Data excerpt »
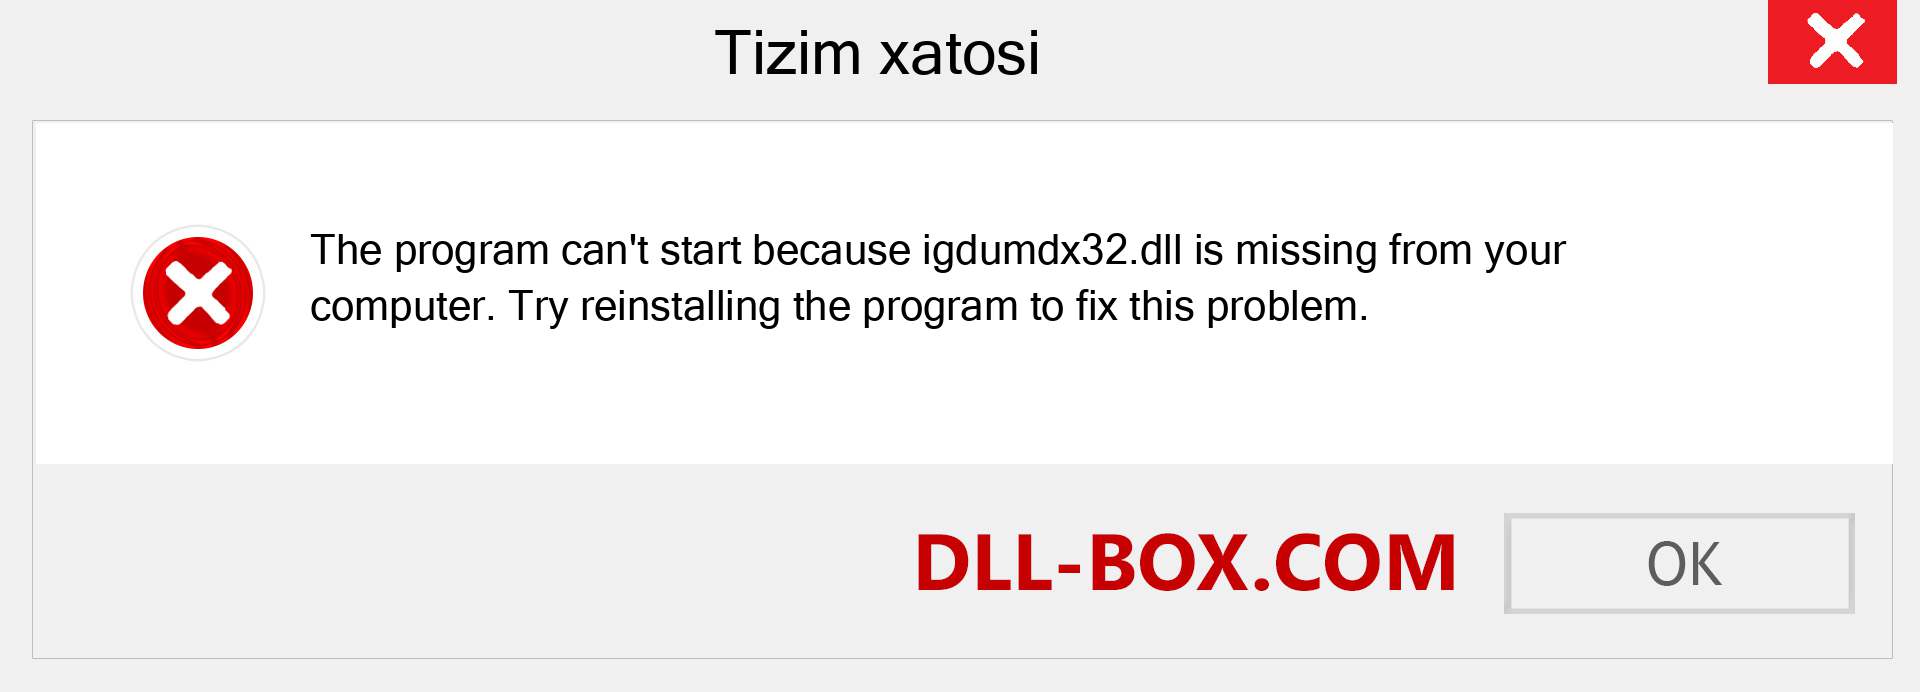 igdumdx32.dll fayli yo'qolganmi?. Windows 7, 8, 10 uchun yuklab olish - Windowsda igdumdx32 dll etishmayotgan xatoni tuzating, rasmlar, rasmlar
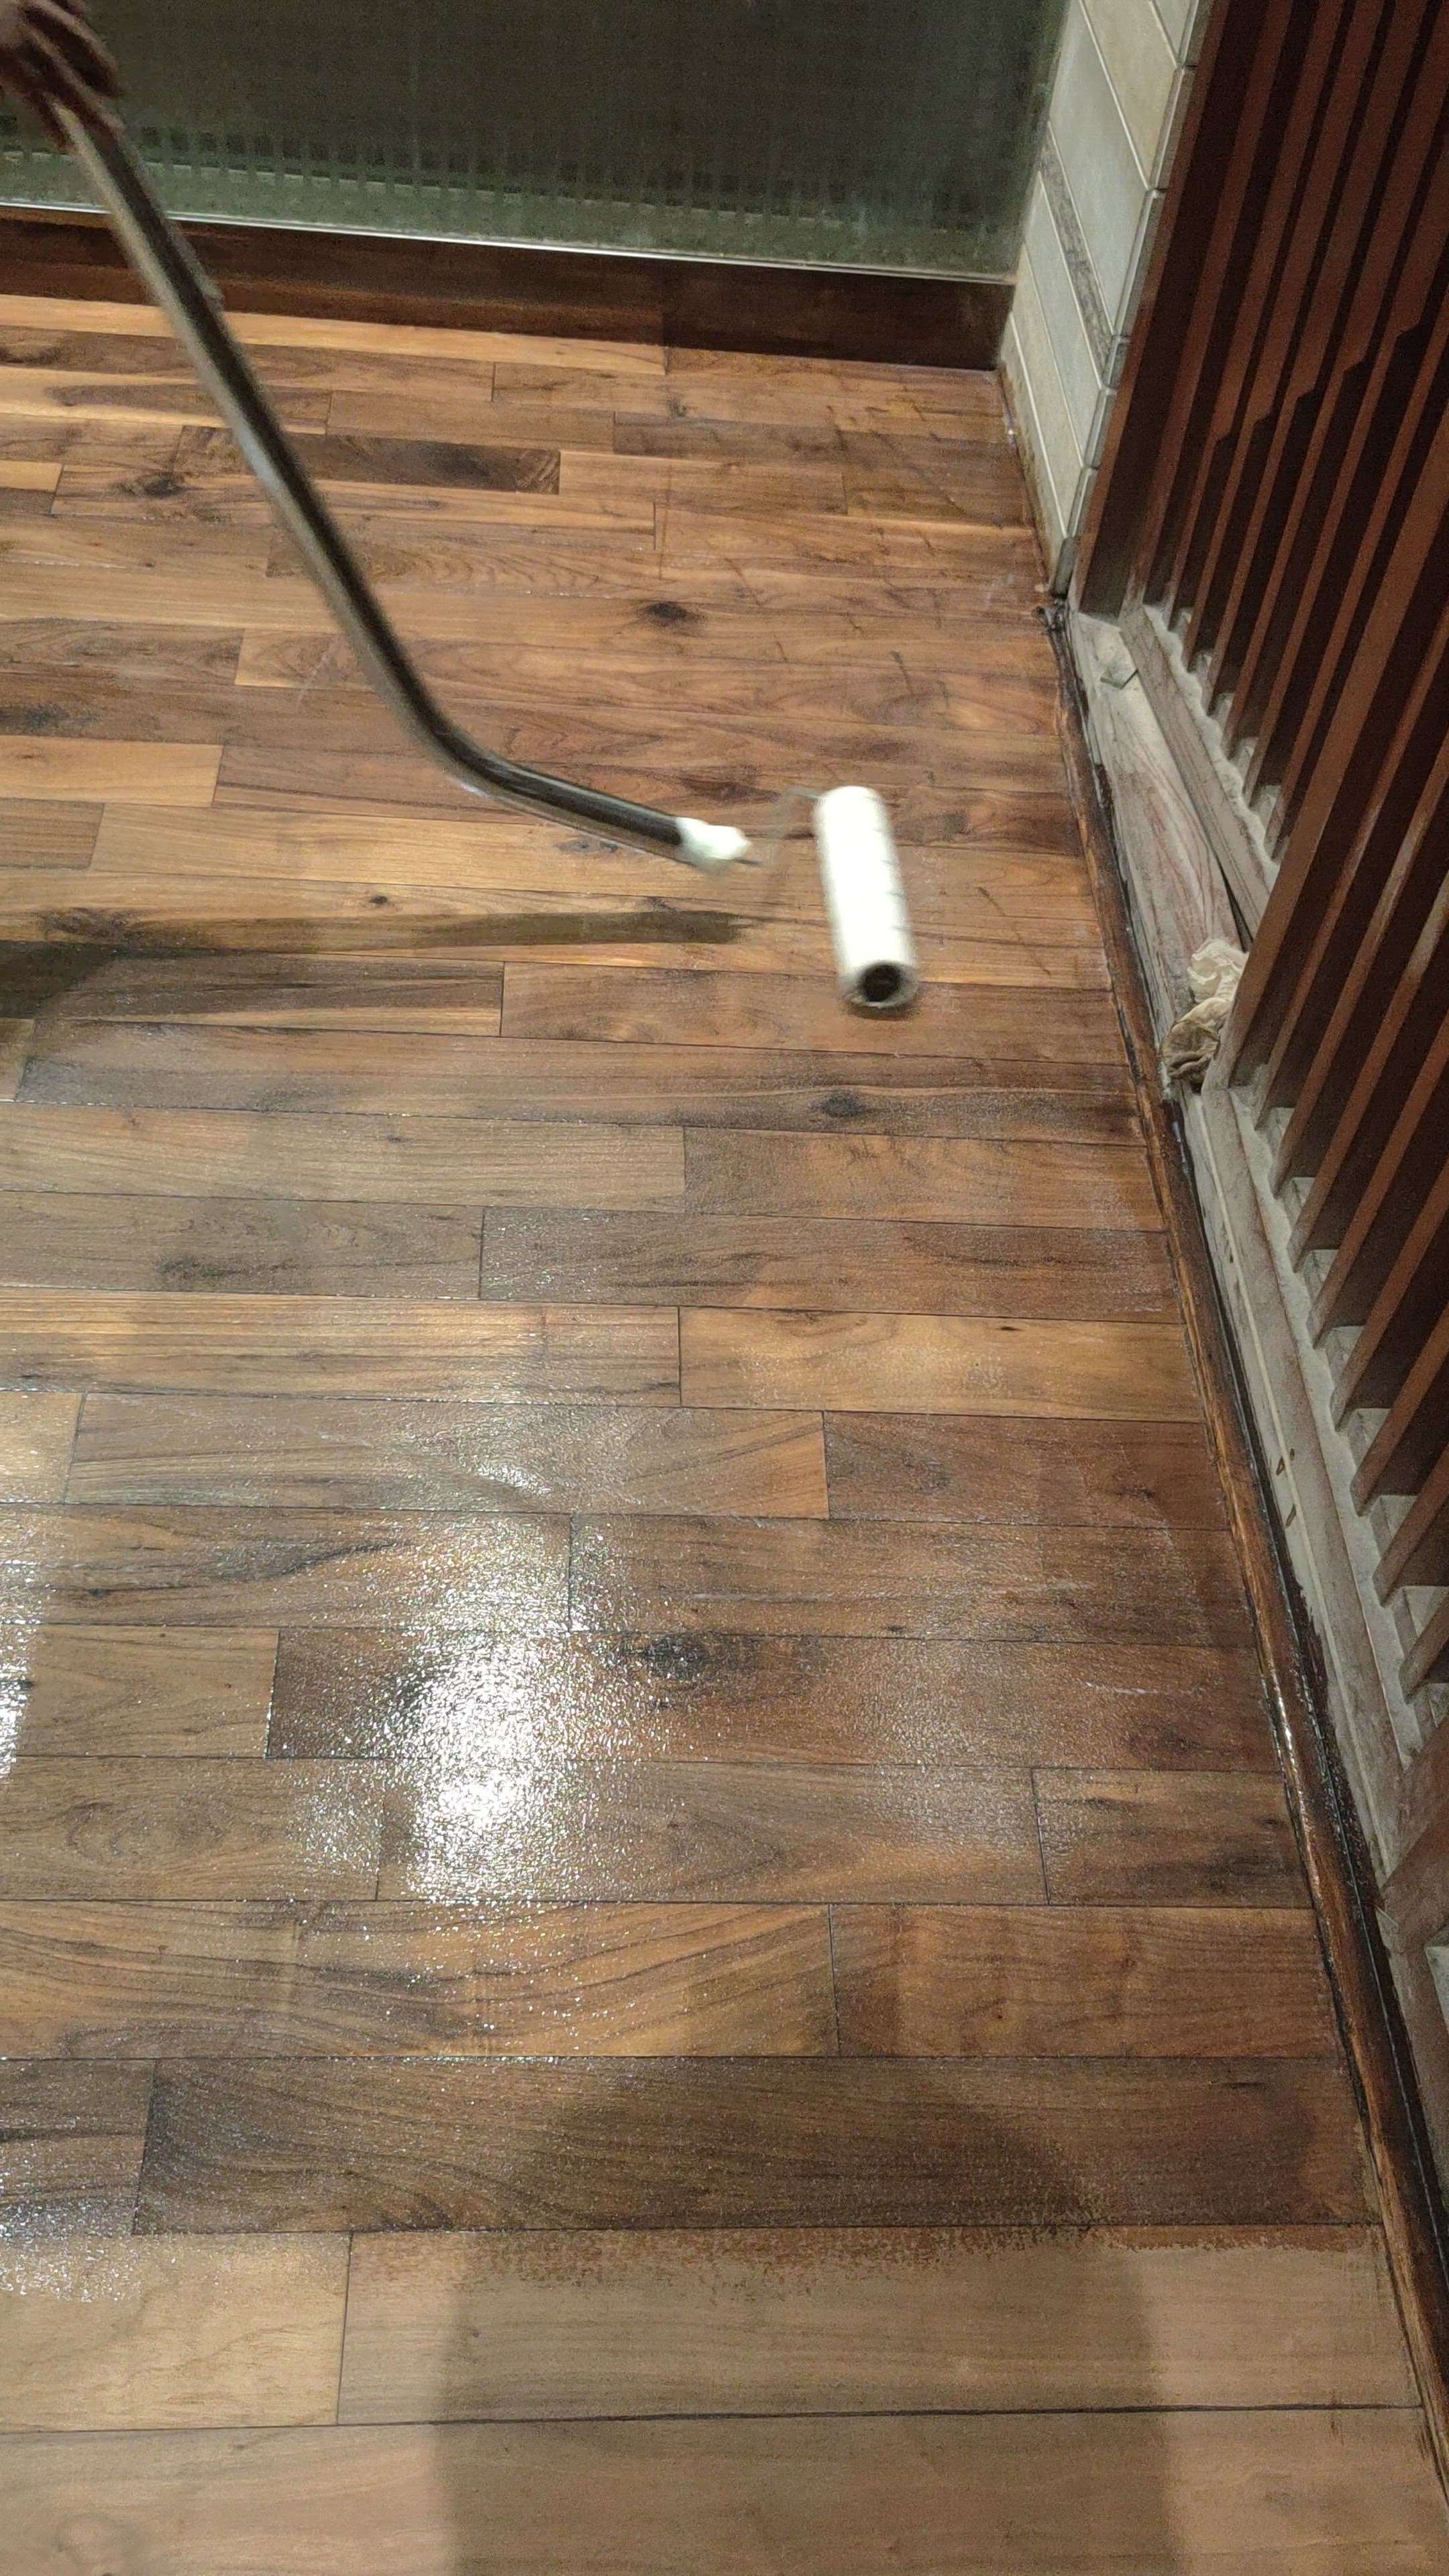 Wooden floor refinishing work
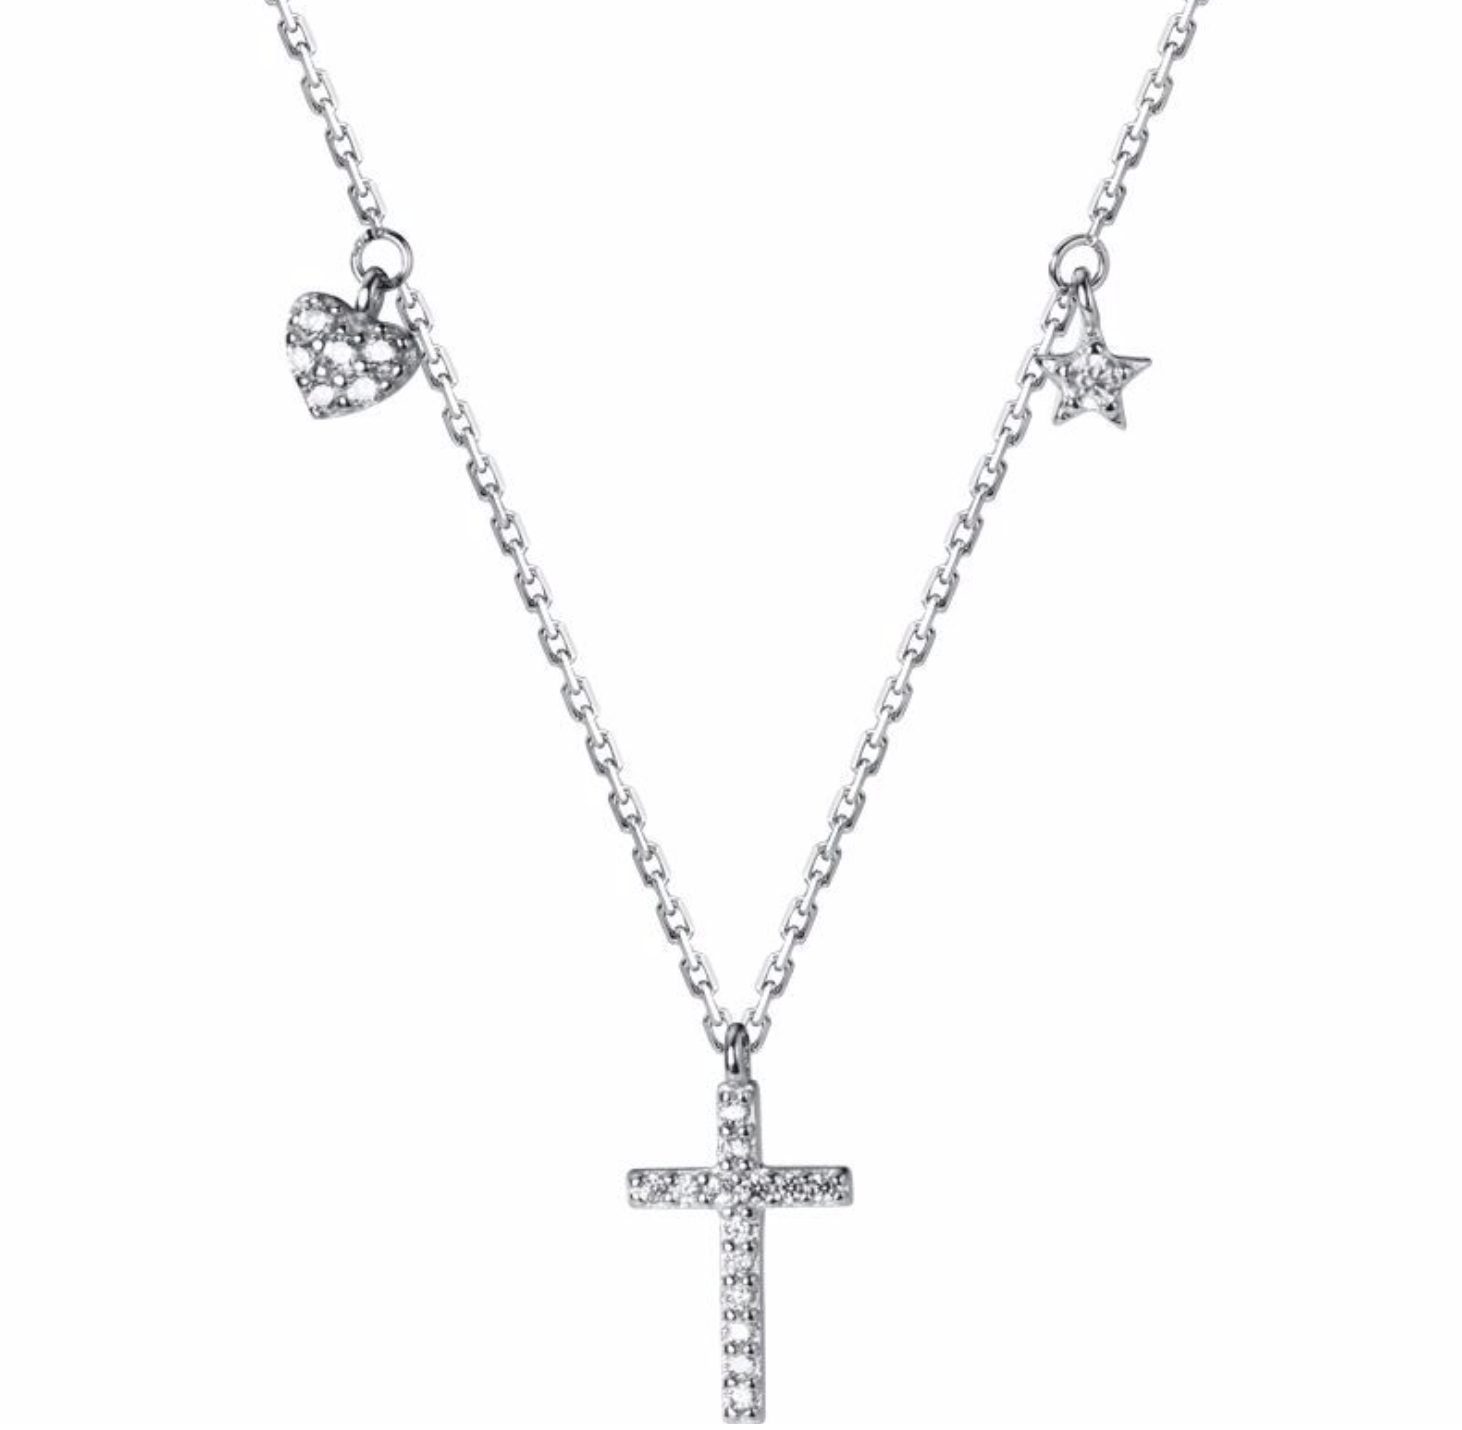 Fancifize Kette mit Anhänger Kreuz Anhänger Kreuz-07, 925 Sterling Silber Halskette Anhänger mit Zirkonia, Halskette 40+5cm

Your assignment » Set down the entire material verbatim, with each picture left out.

Result »
 igdumdx32.dll fayli yo'qolganmi?. Windows 7, 8, 10 uchun yuklab olish - Windowsda igdumdx32 dll etishmayotgan xatoni tuzating, rasmlar, rasmlar
 Wooden floor refinishing work
 Fancifize Kette mit Anhänger Kreuz Anhänger Kreuz-07, 925 Sterling Silber Halskette Anhänger mit Zirkonia, Halskette 40+5cm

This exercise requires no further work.